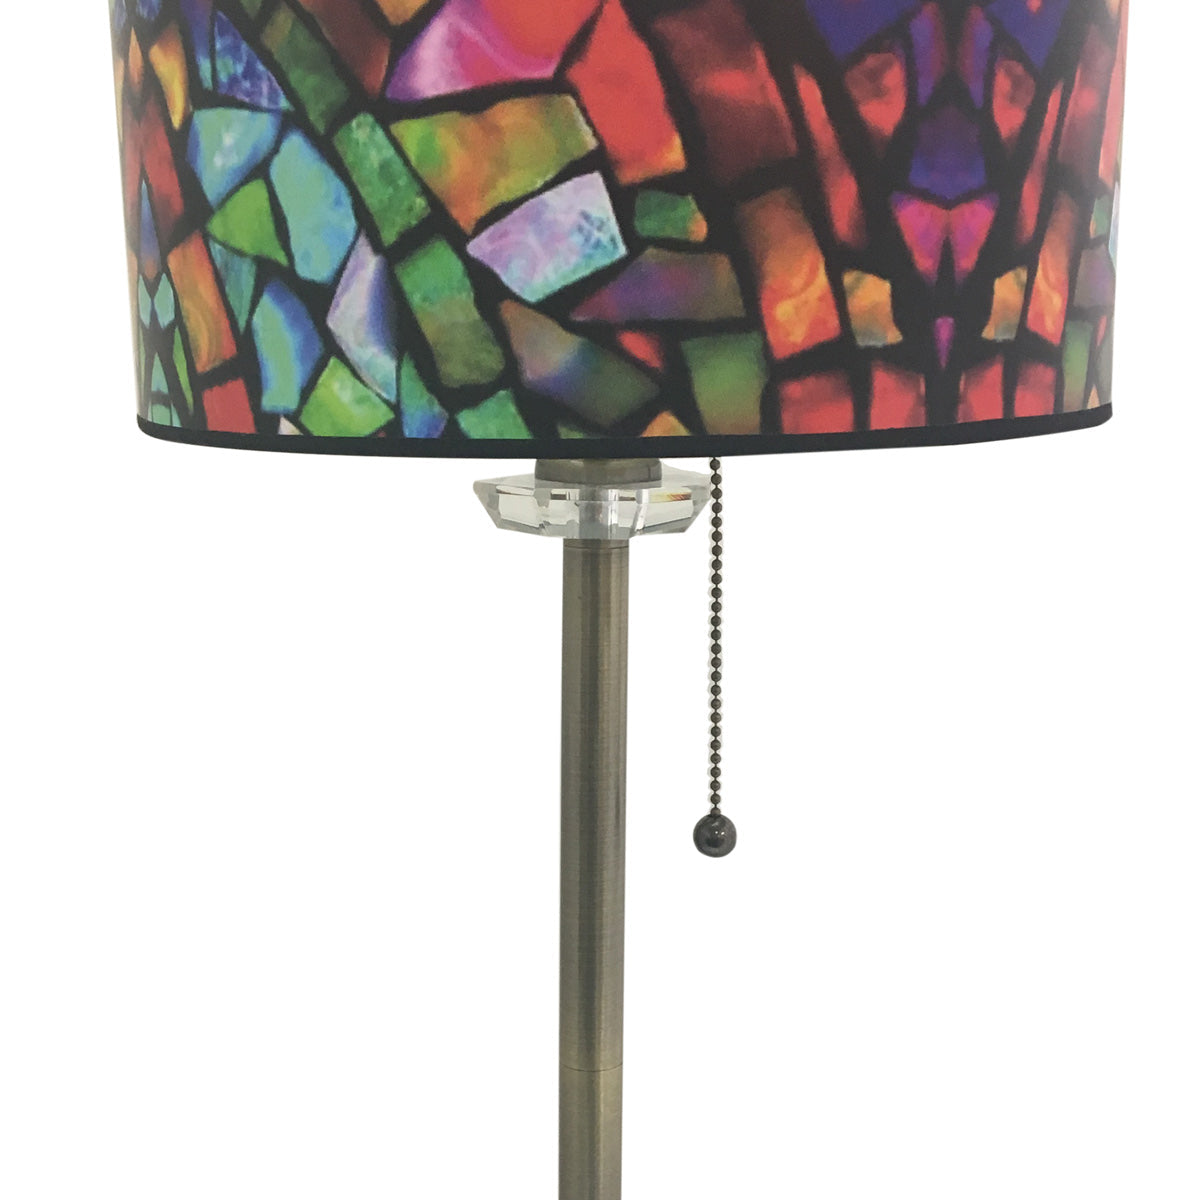 Royal Designs 28" Crystal and Antique Brass Buffet Lamp with Mosaic Stained Glass Design Hardback Lamp Shade
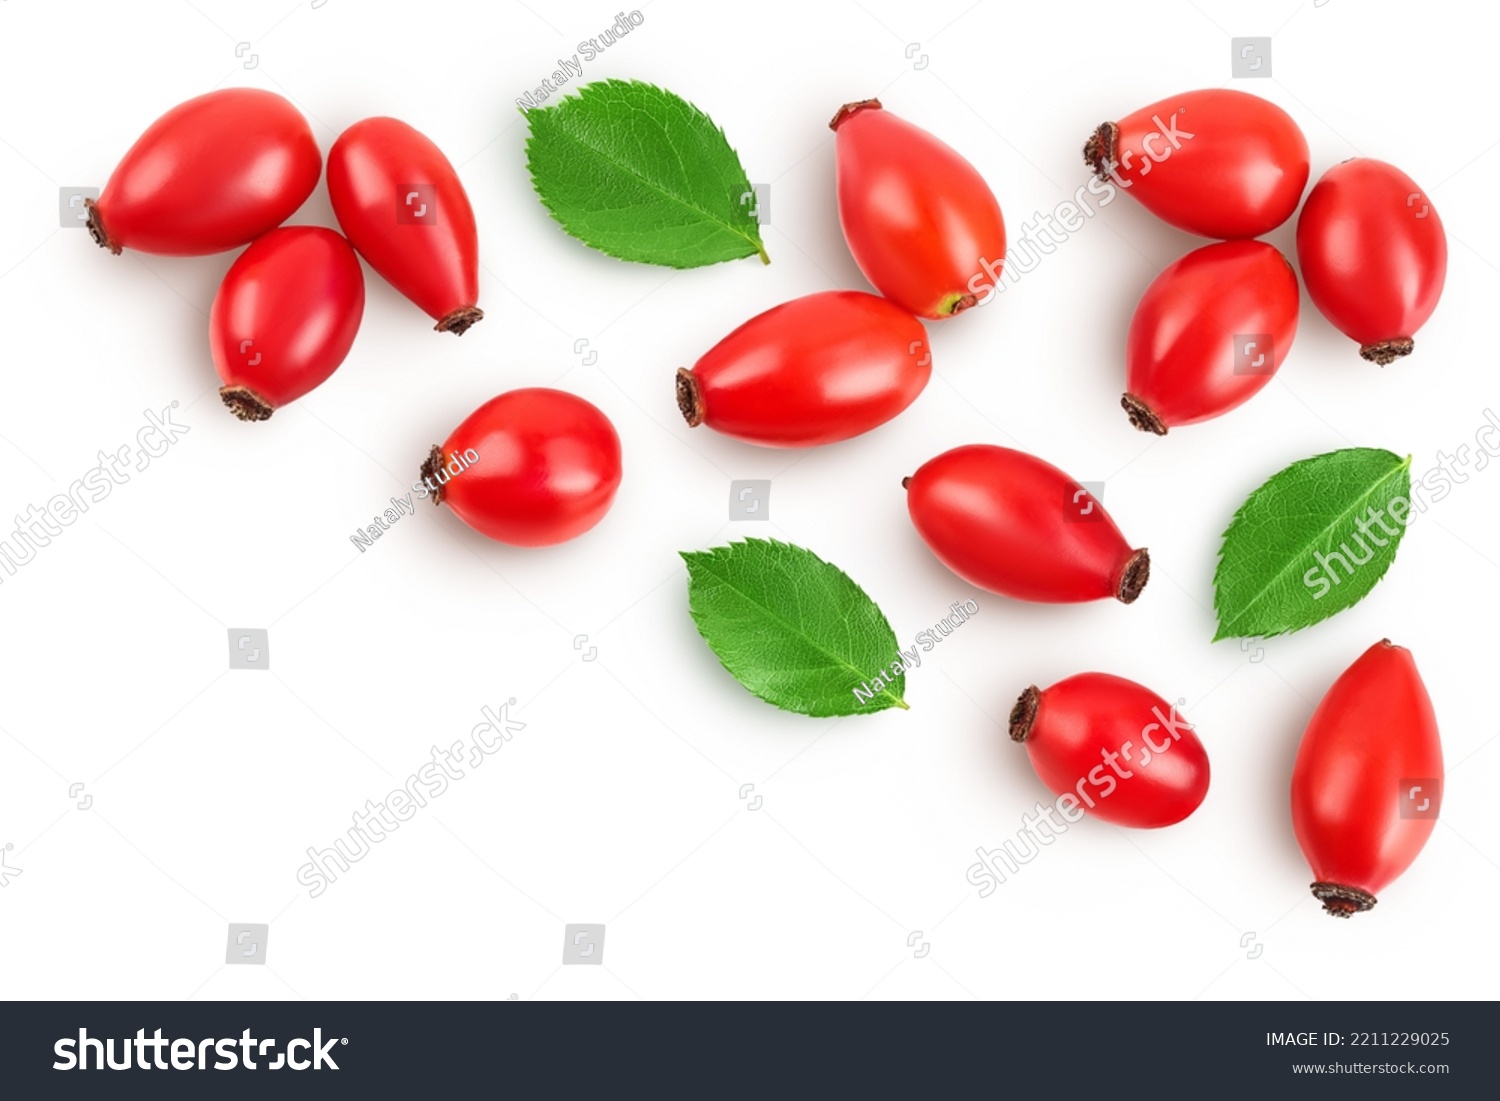 Rose hip isolated on a white background with full depth of field. Top view with copy space for your text. Flat lay. #2211229025
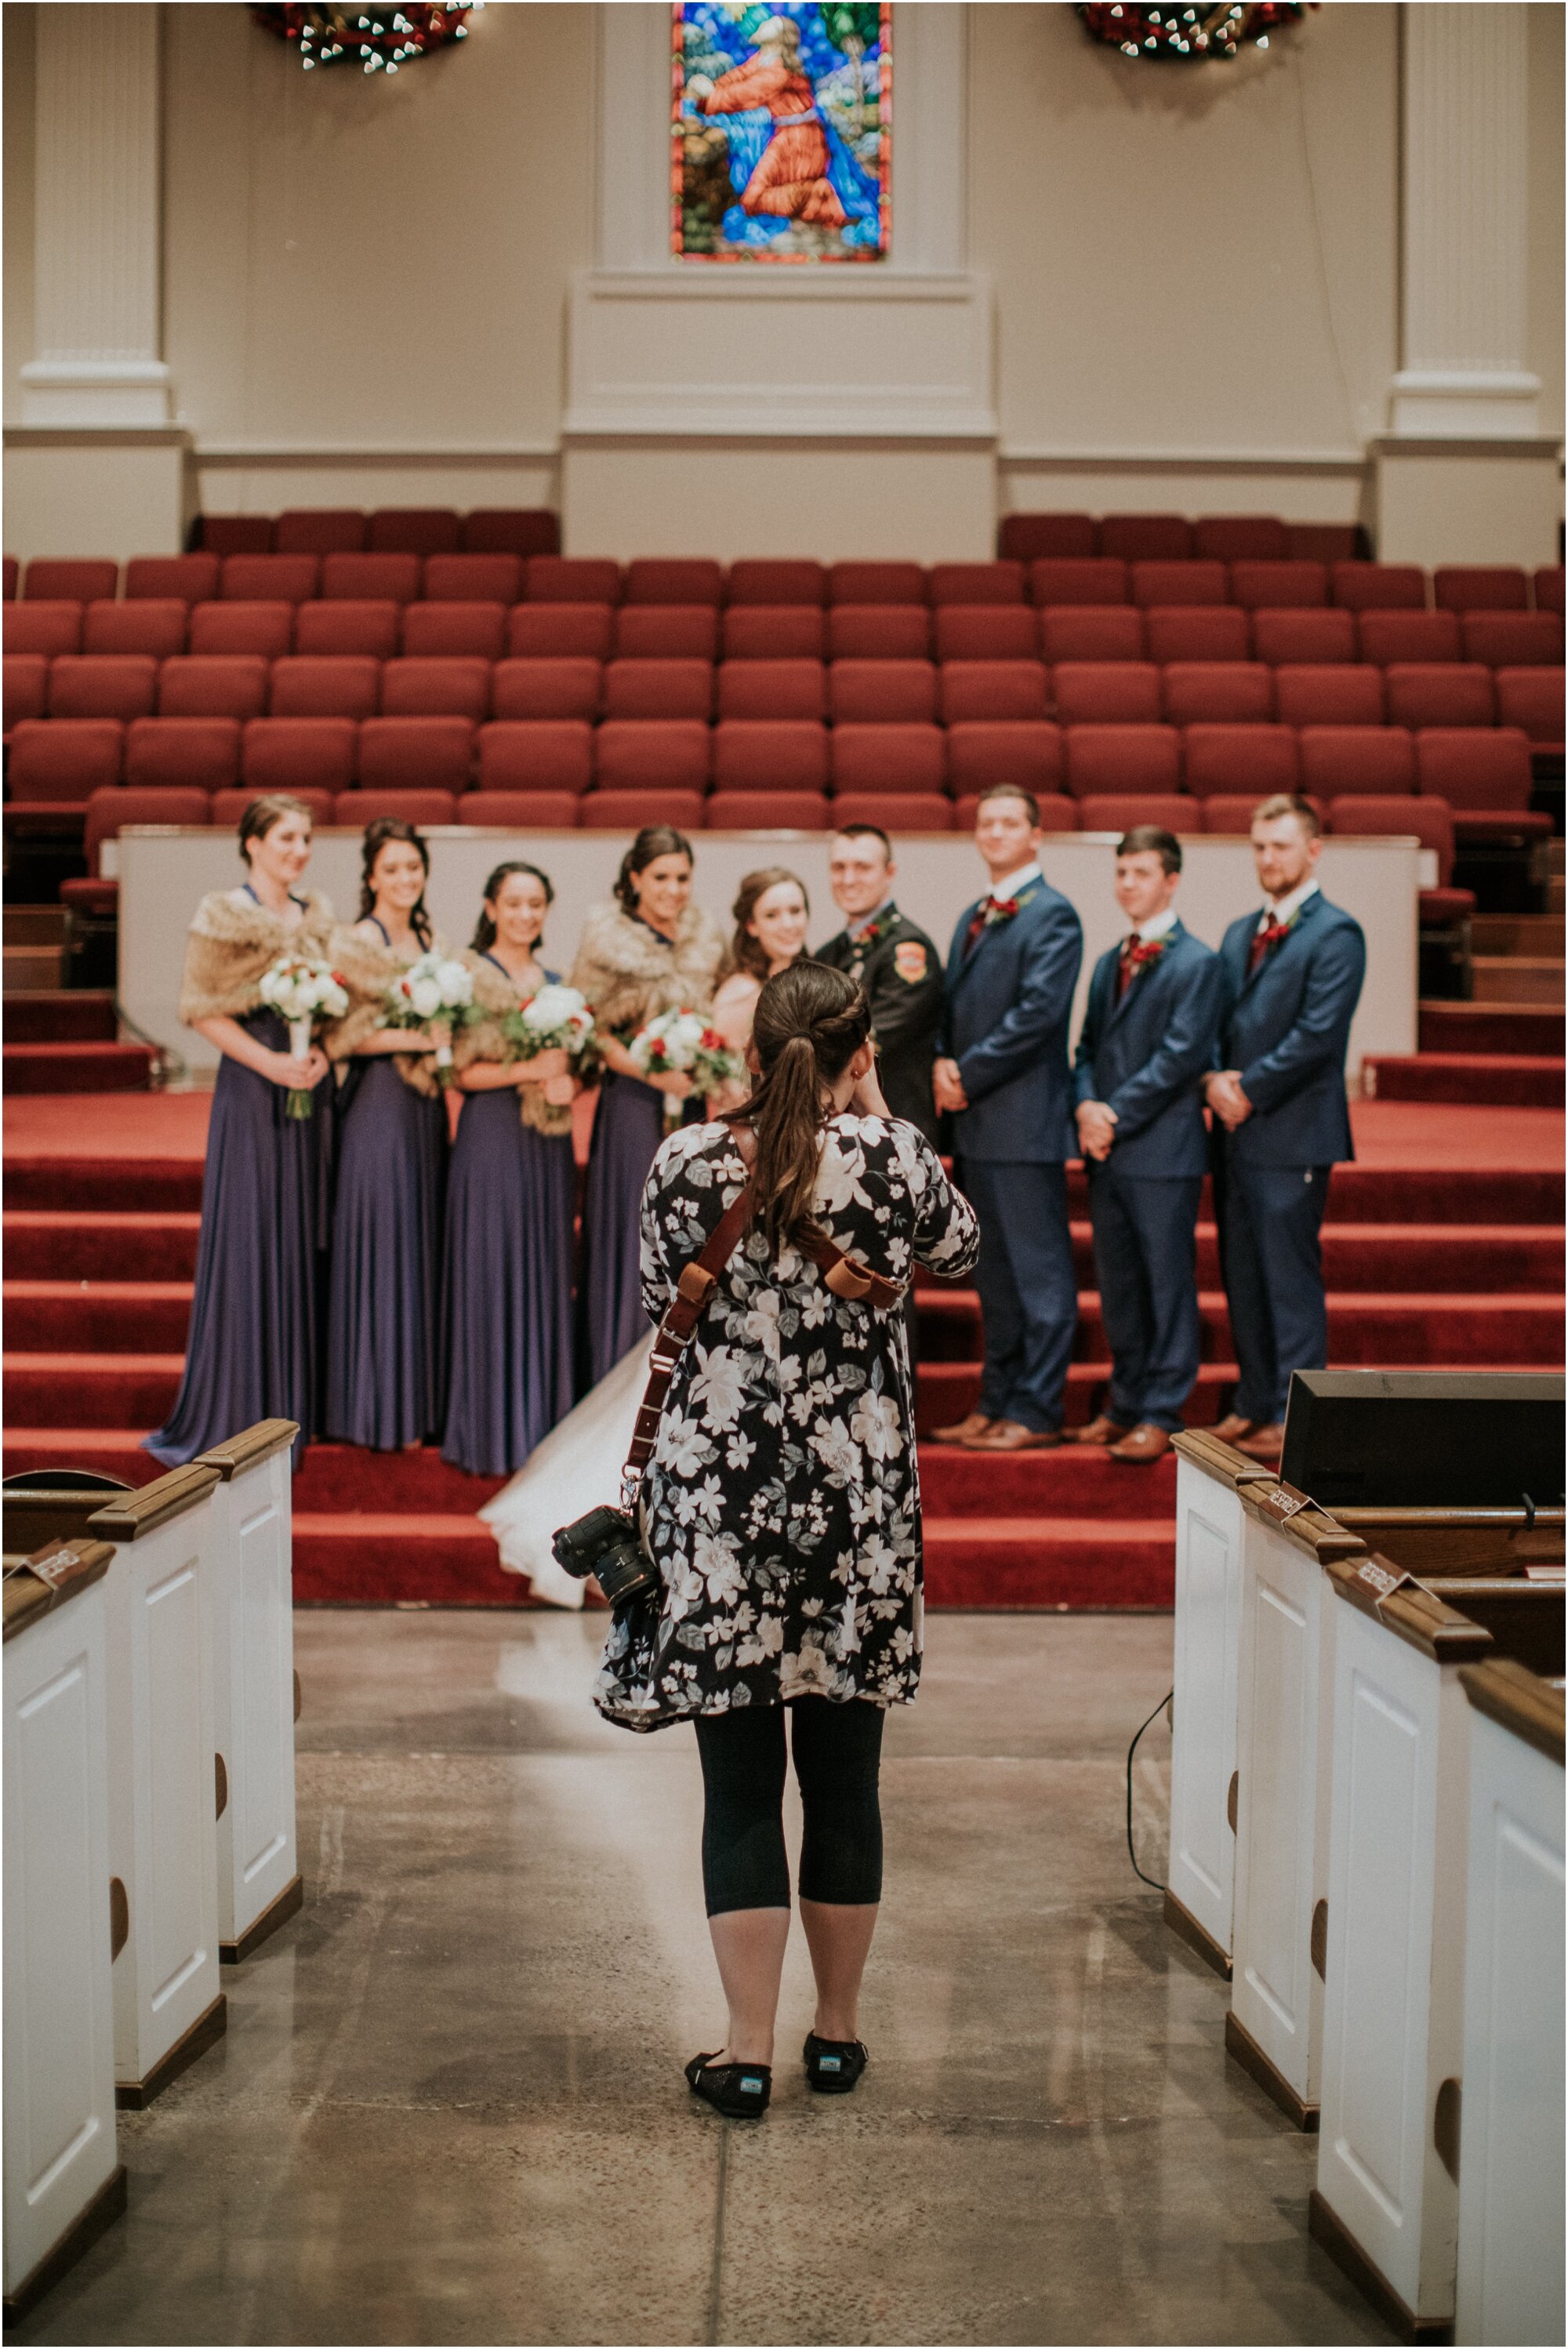   I ended my wedding season with Mikaela and Mason’s wedding in Maryville! They got married at their local church and then had a crazy reception at the Capitol Theatre. A little out of my comfort zone, but definitely a fun and memorable day! A great

....

> **TO DO**
Write out exactly the lines beginning with the line that holds "Rose hip isolated" and ending with the final line of the data, both ends included, without the pictures.

> **YOUR RESPONSE**
 Rose hip isolated on a white background with full depth of field. Top view with copy space for your text. Flat lay. #2211229025
   I ended my wedding season with Mikaela and Mason’s wedding in Maryville! They got married at their local church and then had a crazy reception at the Capitol Theatre. A little out of my comfort zone, but definitely a fun and memorable day! A great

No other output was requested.